Indien er van wordt uitgegaan dat de eerder genoemde arresten meebrengen dat in de voorperiode bepaalde vermogensbestanddelen (alsnog) naar het privé-vermogen kunnen worden onttrokken omdat de overdracht aan een derde ook kan plaatsvinden, is er wellicht geen reden om aan te nemen dat het in strijd met artikel 3.65 Wet IB 2001 zou zijn die vermogensbestanddelen direct buiten de geruisloze omzetting te houden door middel van een onttrekking. Hierbij speelt nog een rol dat een tot het verplichte ondernemingsvermogen behorend vermogensbestanddeel dan in zijn algemeenheid onder de zogenoemde terbeschikkingsstellingsregeling gaat vallen.

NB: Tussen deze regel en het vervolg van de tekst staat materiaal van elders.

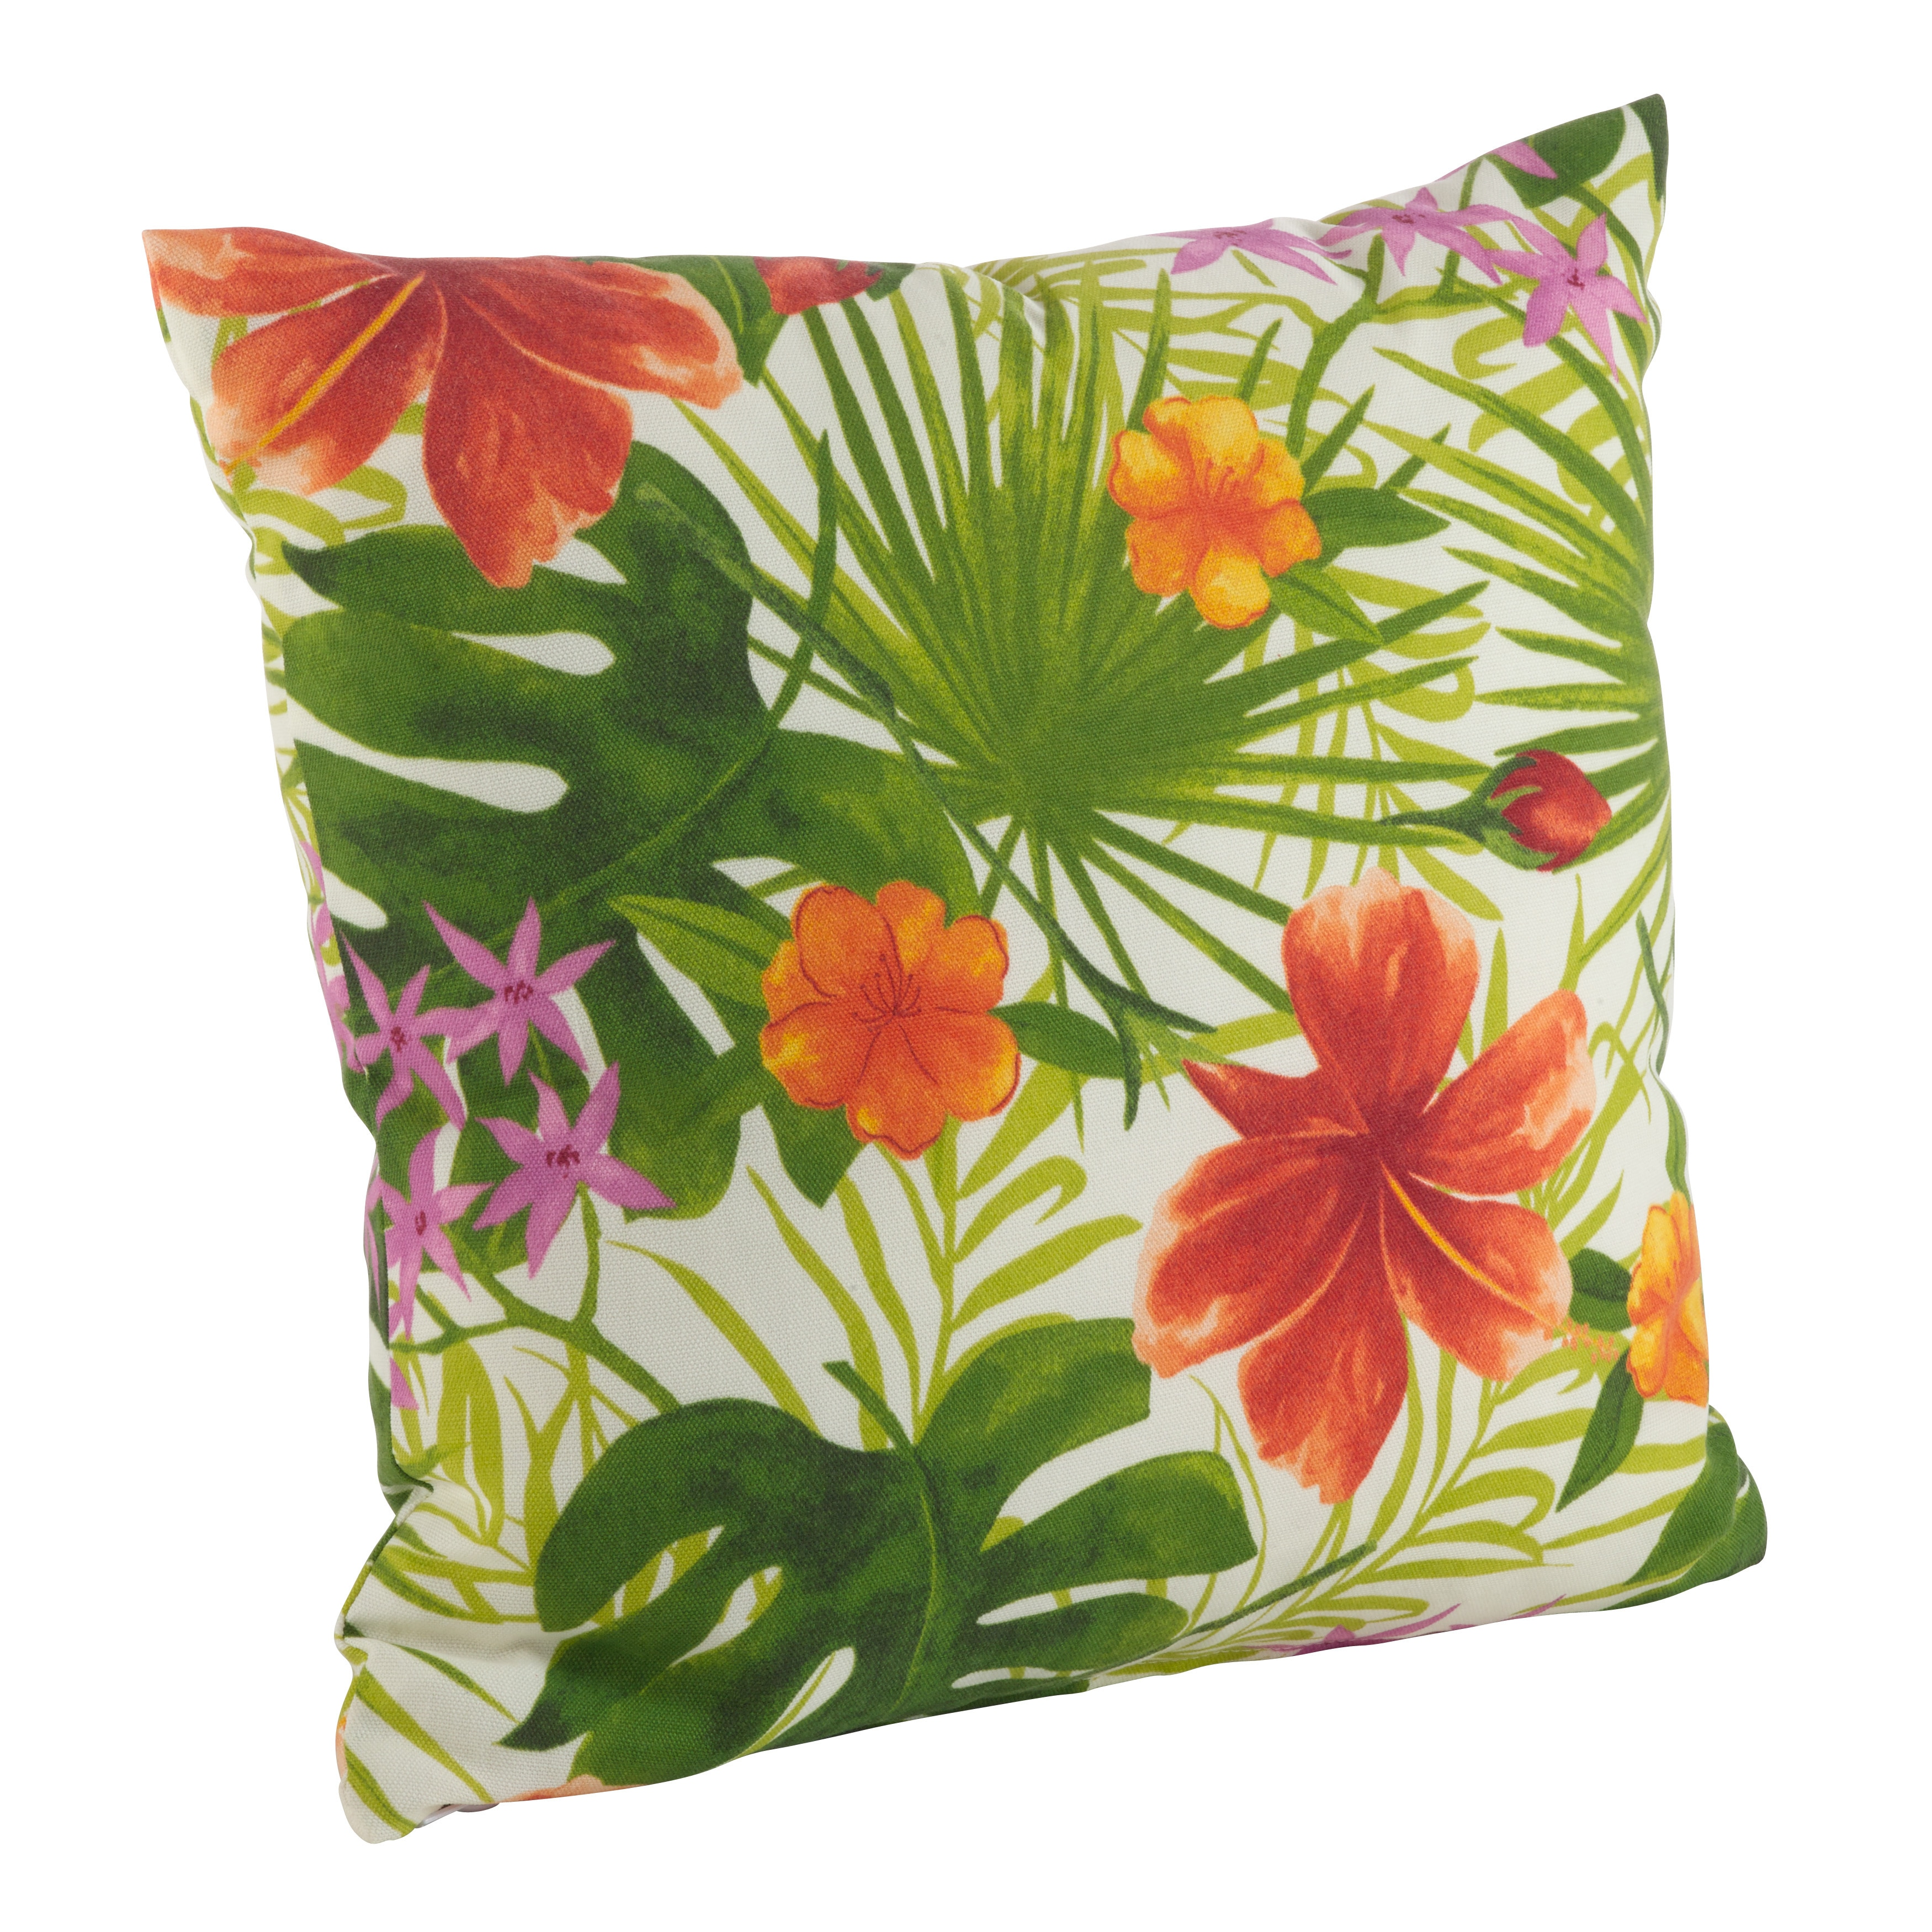 Shop Hibiscus Flower Print Indooroutdoor Poly Filled Throw Pillow

Gelet op het voorgaande keur ik, voor zover nodig, goed dat vermogensbestanddelen in het kader van de geruisloze omzetting met toepassing van artikel 3.65 van de Wet IB 2001 kunnen worden onttrokken.

Het kan daarbij zowel gaan om vermogensbestanddelen die tot het keuzevermogen (zouden) behoren als om vermogensbestanddelen die tot het verplicht ondernemingsvermogen behoren. Wel merk ik op dat hetgeen wordt ontrokken bij toepassing van artikel 3.65 van de Wet IB 2001, geen (zelfstandig deel van een) onderneming mag vormen. Het voorgaande standpunt ontleen ik aan het voor de toepassing van artikel 18 van de Wet IB 1964 gewezen arrest van 12 september 2003, nr. 37 917, BNB 2004/40c*.

Onderdeel 4.1 van het besluit van 11 augustus 2004, nr. CPP2004/664M is hiermee op dit punt vervallen.

Moment waarop de onttrekking plaatsvindt.

Ik keur goed dat voor de bepaling van de winst uit onderneming van de onderneming die wordt omgezet de onttrekking van een of meerdere vermogensbestanddelen kan plaatsvinden op het moment onmiddellijk voorafgaand aan het overgangstijdstip onder de voorwaarde dat voor de toepassing van het belastbaar resultaat uit overige werkzaamheden respectievelijk de heffingsgrondslag voor sparen en beleggen eveneens bij dit tijdstip wordt aangesloten.